Hopper and Kapadia combine low-dose CT scans, Dolphin imaging software and standardized growth predictions to precisely plan the direction and magnitude of the movement of the facial bones. Taking into account the age of the child at the time of surgery, Kapadia predicts where the teeth need to meet and how that affects the cheekbones, nose and the soft tissues of the face.

Drs. Hopper and Kapadia_IMG7197_Best of

During the surgery, Hopper and his team separate the bones of the face from the skull so that the entire face is mobile. The cheekbones and eye sockets are then released from the middle of the face and repositioned into a more normal position using small plates and screws. The forehead is smoothed and advanced with a custom implant designed specifically for the child.

A distractor is then attached to the central part of the face that is still mobile. For the next two to three weeks, while the child is at home, a parent or caregiver turns the distractor 1 to 2 millimeters a day to continually move the bones. This can move the upper jaw up to an inch or more. New bone then grows to fill in the gaps and the distractor stays on for about six more weeks to allow for healing. Once everything is in the right position, the distractor is removed.

Demonstrated improvement

In 2013, Hopper, Kapadia and medical student Trent Morton published a comparison of the new procedure with the more typical Le Fort III treatment in a paper titled “Normalizing Facial Ratios in Apert Syndrome Patients with Le Fort II Midface Distraction and Simultaneous Zygomatic Repositioning” in the official journal of the American Society of Plastic Surgeons. Their retrospective study, based on analysis of patients’ CT scans, demonstrates that the new procedure is more effective than the Le Fort III in normalizing facial ratios.

The paper received the Marchac award from the International Society of Craniofacial Surgery and the Kawamoto award from the American Society of Craniofacial Surgery.

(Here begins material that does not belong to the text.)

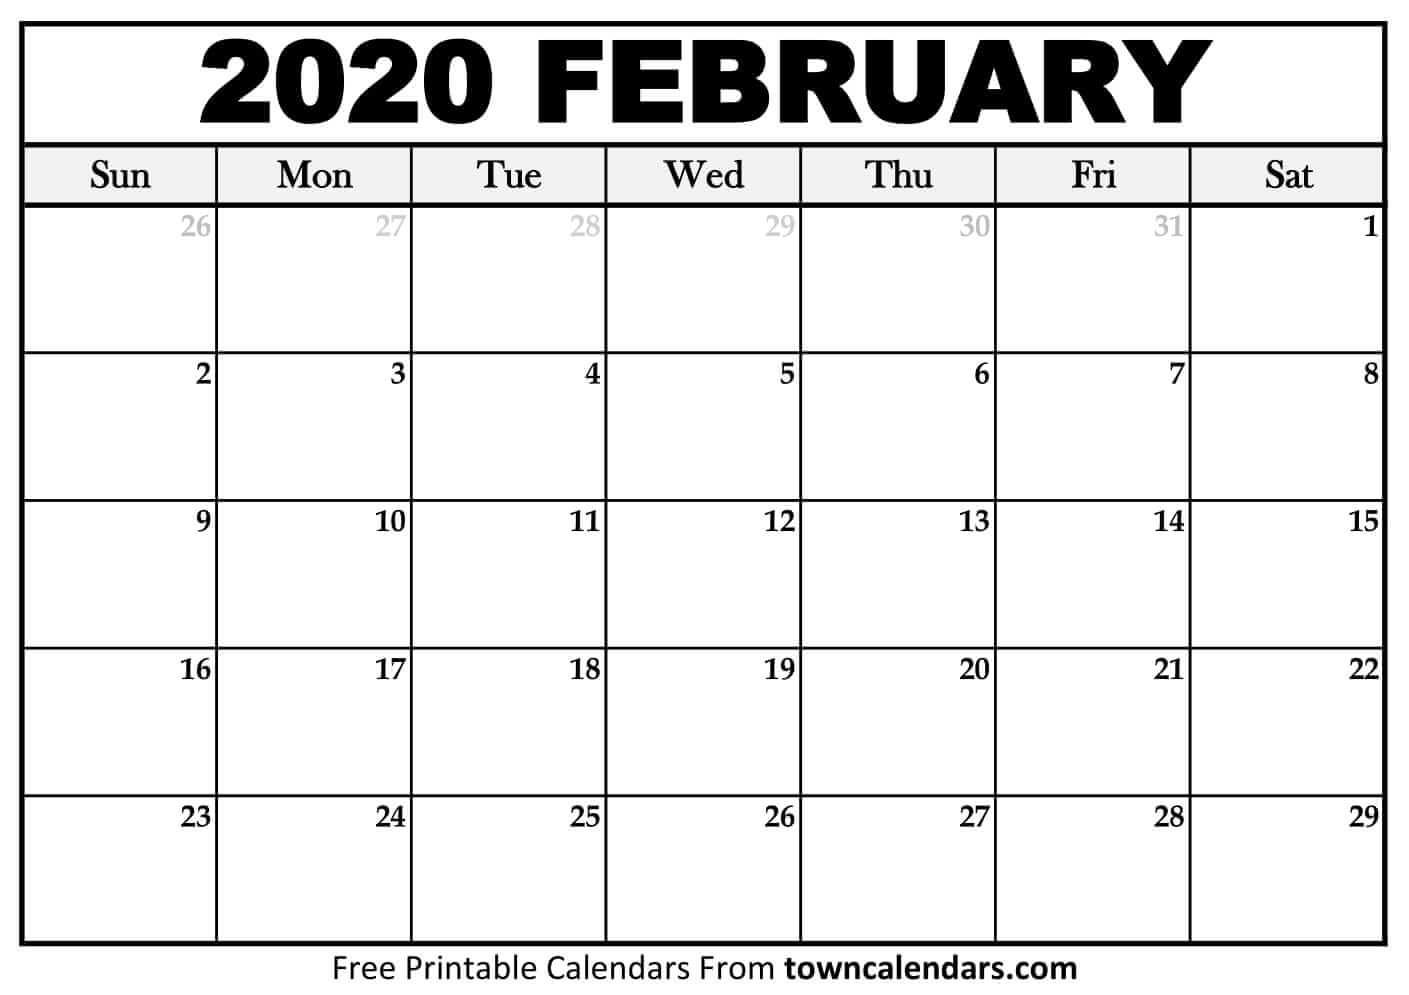 Printable February 2020 Calendar - Towncalendars  February 2020 Calendar

To date, Children’s has treated nine patients with this approach, with excellent results. Surgeons in Birmingham, England, Dallas and Tokyo have reported adopting this procedure.

“It’s been a joy to be able to offer kids this new technique that has such a good outcome,” said Hopper. “There aren’t a lot of other centers that are able to focus on revolutionizing the way we treat Apert syndrome, and we look forward to sharing the knowledge and offering it to other kids in the future.”